Back to 9/96 Features: Surf's Up
Up to Table of Contents
Ahead to 9/96 Reviews What's Hot: NEC SuperScript 860 printer

9/96 Head to Head: Speech-Recognition Software

Listing of September 1996 Reviews

Friends, Romans, PCs: Lend Me Your Ears

  • Coming Soon to a PC Near You

    By James E. Powell, Northwest Bureau Editor

    Back in the Stone Age, you dictated a memo to your secretary. Today, you can dictate it to your word processor, thanks to speech-recognition software.
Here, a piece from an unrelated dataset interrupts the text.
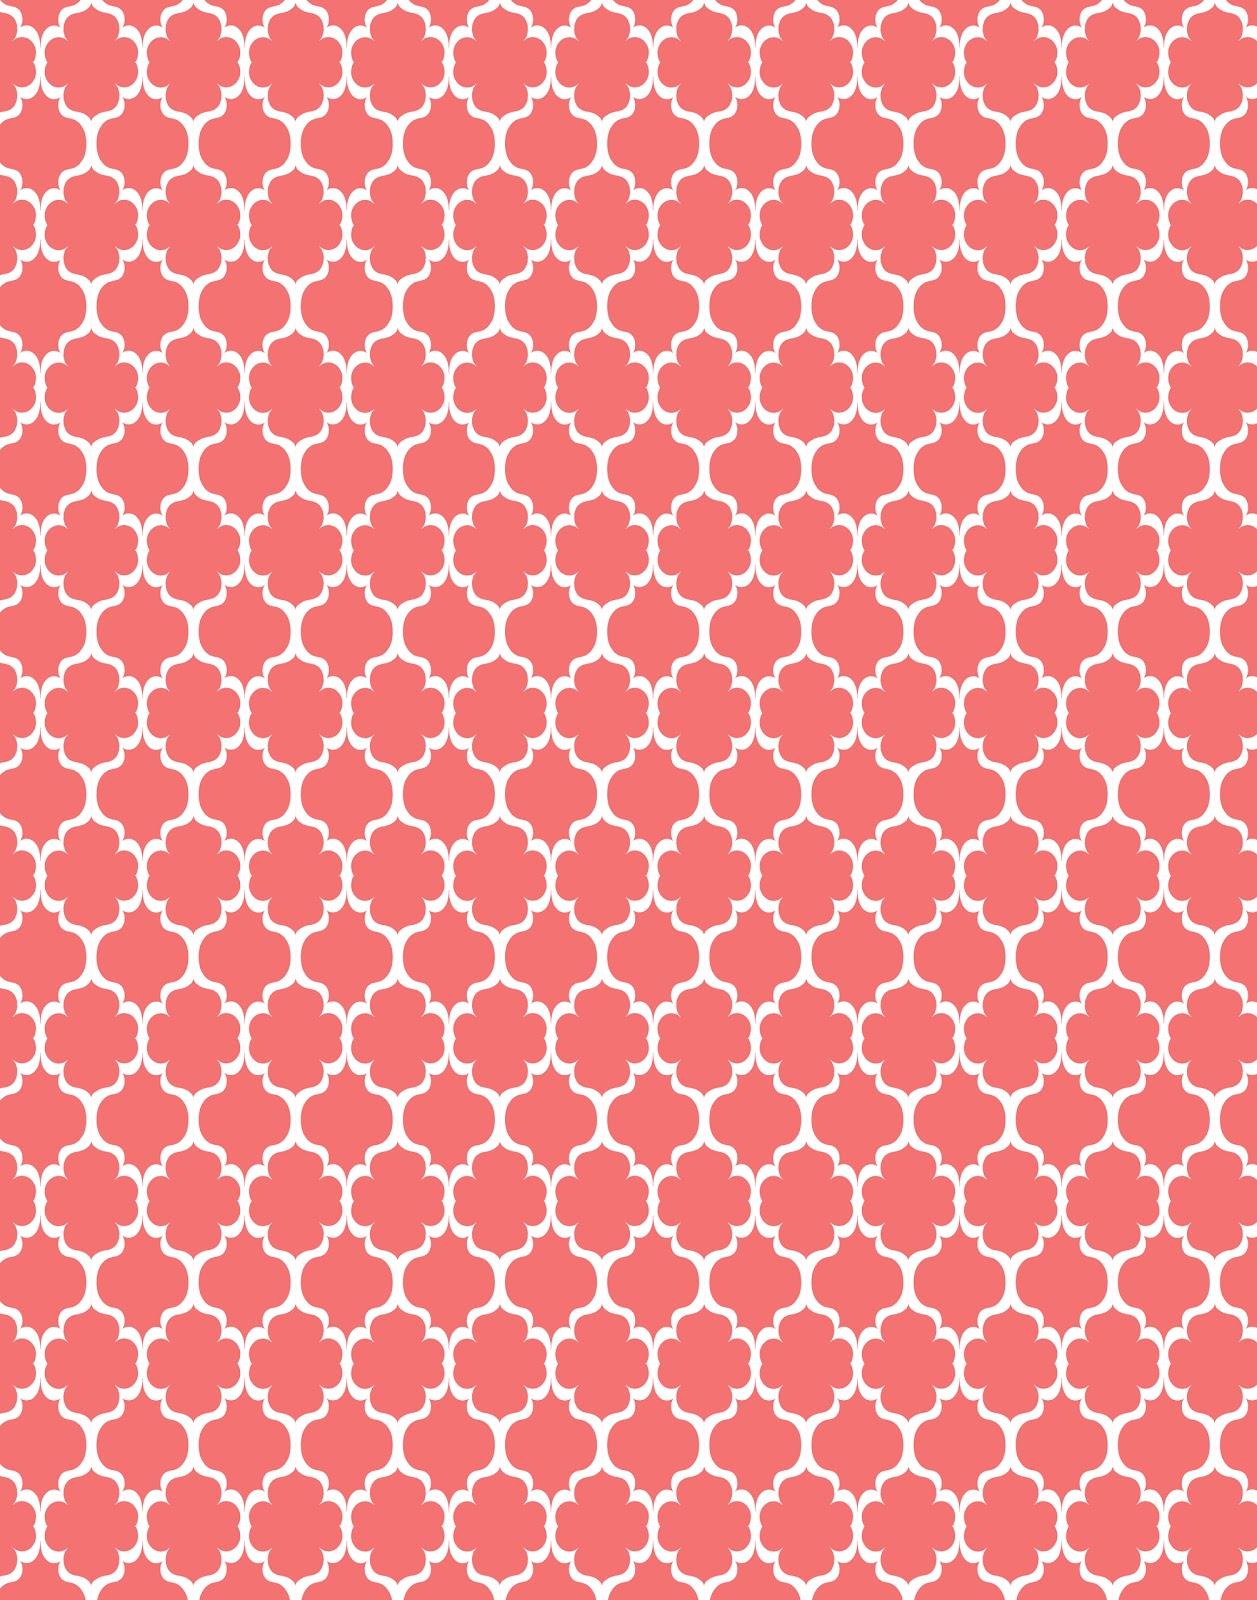 quatrefoil pattern background - photo #19

Although they're often classed as aids to the disabled user, or as tools available only to narrowly defined professions, these speech-to-text products are about to hit the mainstream.

    I examined the latest products from two category leaders, Kurzweil's Voice 2.0 and IBM's VoiceType Dictation 3.0 for Windows 95, and found they've gone from being yesterday's playthings to today's everyday tool. Both make it possible to "speak" your text more quickly and-most important-more accurately than you can input it on a keyboard. I type more than 70 words per minute but I can dictate much faster, without worrying about spelling errors. These two products are stunningly accurate and, frankly, a lot of fun to use.

    Each product supplies a microphone headset that you plug into your sound card. You install the software, strap on the headset and begin talking. While both products can be used out of the box, the best results come after you "enroll" the system, training it to recognize your own peculiarities of speech. After enrollment, the software will compile your speaker profile, which took about an hour on my AST Pentium 200. But training doesn't stop there; the programs continue to learn as you dictate.

    Kurzweil Voice starts its enrollment session by asking you for a volume check. It tests for background noise and voice level, then has you pronounce a series of 33 numbers and 400 simple words that emphasize a variety of hard-to-catch sounds such as "p" and "d." I spent about 35 minutes at it, and by the 100th word I was growing weary.

    VoiceType asks you to speak sentences, a more natural process, and you can choose to enroll with different levels of intensity. Of course, the more you speak, the more accurate the results. During the last stages, you're reading a ghost story by Mark Twain. It's certainly more interesting than reciting words and numbers, but a really thorough training job with VoiceType takes about 90 minutes.

    Both systems offer two dictation styles, depending on what you're doing. You give system commands using continuous dictation, without pauses between words. To put text on the screen, you need to practice "discrete" dictation, that is, adding a sharp, short pause between each word-"as.if.they.were.separated.by.periods"-which gives the software definite starting and stopping points. The documentation insists that you need only about a one-sixth-second pause between your words; in my tests, more like a half-second pause was required.

    Once I'd enrolled them, I tested both programs by dictating a variety of documents into Microsoft Word, using the microphone in each package and the same computer and Sound Blaster-compatible sound system.

    As you speak into the microphone, Kurzweil Voice displays your words in a small window. It offers numbered suggestions for sounds it doesn't understand, and you choose the correct word from the list by saying, for instance, "Take 2" to accept the second choice. If the program can't come up with the proper word, you can type it in yourself. Either way, the software will store the sounds and word for future reference, in effect training itself.

    At first, it's tempting to simply type the correct word into your word processor and go on, but this bypasses the ongoing (re)training portion of the program. Instead you must tell Voice to "delete that," watch it erase the word, and then start over.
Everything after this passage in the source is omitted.